The 2024 Tsai A-Ga employee embezzlement scandal refers to a series of illegal acts allegedly committed by a senior employee of Taiwanese YouTuber Tsai A-Ga's studio in 2024. The employee was accused of using "AB contracts" to embezzle company income, exploiting the company's name for personal gain, bullying coworkers, and engaging in other misconduct, causing severe losses to the company. The employee was ultimately dismissed, and multiple legal actions followed. After being exposed by the media, the incident quickly attracted widespread public attention and sparked discussions regarding workplace ethics, influencer industry management, and corporate governance.

== Development ==

=== 2023 ===
10 April,Tsai A-Ga uploaded a video to his YouTube channel Tsai A-Ga Life, showing multiple luxury Hermès handbags stored under senior employee Laura's bed. The total value of the collection was estimated to be several million New Taiwan dollars. The video drew attention from some netizens and media outlets, with discussions focusing on the items shown and her lifestyle.

=== 2024 ===
6 June,Tsai A-Ga's studio, through Formosa Transnational Attorneys at Law, issued a statement announcing the dismissal of senior employee Lin Pei-chen (nicknamed "Laura") due to illegal acts that had caused serious losses to the company. The statement emphasized that Laura no longer had any affiliation with the company and was prohibited from conducting activities in its name. It further stated that neither Tsai A-Ga nor the company's staff had prior knowledge of her actions and that legal procedures had been entrusted to attorneys.

Because Formosa Transnational Attorneys at Law is known for handling major cases and charging relatively high fees, and has represented numerous celebrities and prominent business figures, some netizens speculated that the alleged misconduct must have been serious. Industry insiders also remarked that Laura had displayed poor work ethics and professionalism in the past and often clashed with business partners, making her dismissal unsurprising.

4 July,After a month spent contacting clients, restructuring internal procedures, and handling legal matters, Tsai A-Ga, his wife, and videographer Tsai Tsung-han released a video explaining the incident.

The video revealed that Laura had used AB contracts to embezzle more than 10 million New Taiwan dollars in company revenue, affecting over 20 business partners. It was also disclosed that she had, without authorization, used Tsai A-Ga's name to request large quantities of complimentary products from companies for personal use, including household appliances and expensive cosmetic procedures.

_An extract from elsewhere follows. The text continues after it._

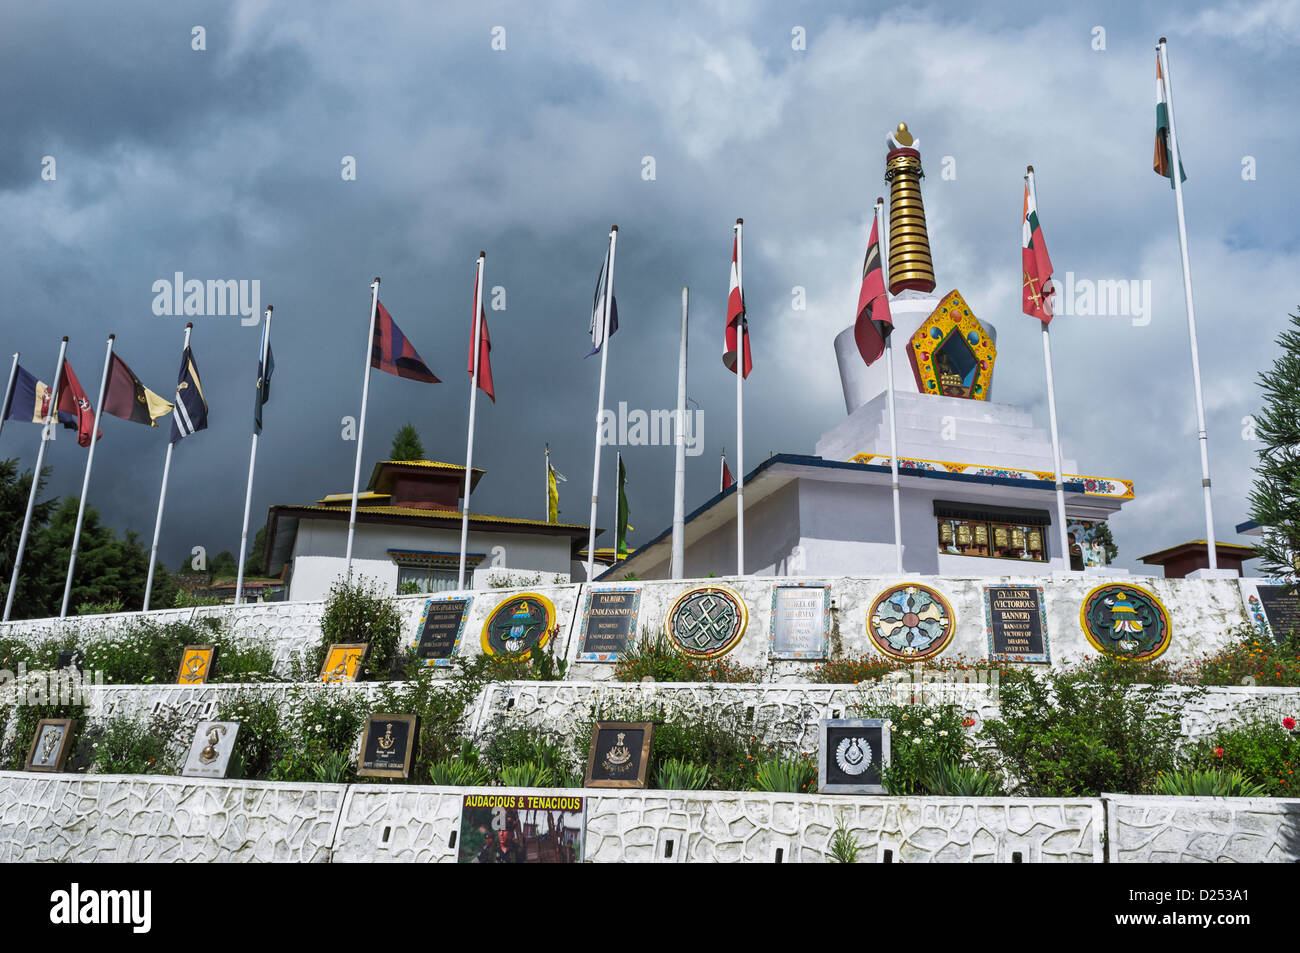 The memorial site in Tawang, Arunachal Pradesh, India in memory of the Indian soldiers killed in the Indo-China war of 1962. Stock Photo

Laura was further accused of slandering her employer and colleagues while elevating her own status and insisting that clients could cooperate only through her. Tsai A-Ga stated that her annual salary alone exceeded NT$2 million, excluding benefits, and that she had enjoyed privileges such as a private office, flexible working hours, and the ability to work remotely, denying that poor treatment had motivated her actions. Despite this, Laura reportedly showed no remorse, offered no apology, and simply exited the company's group chats.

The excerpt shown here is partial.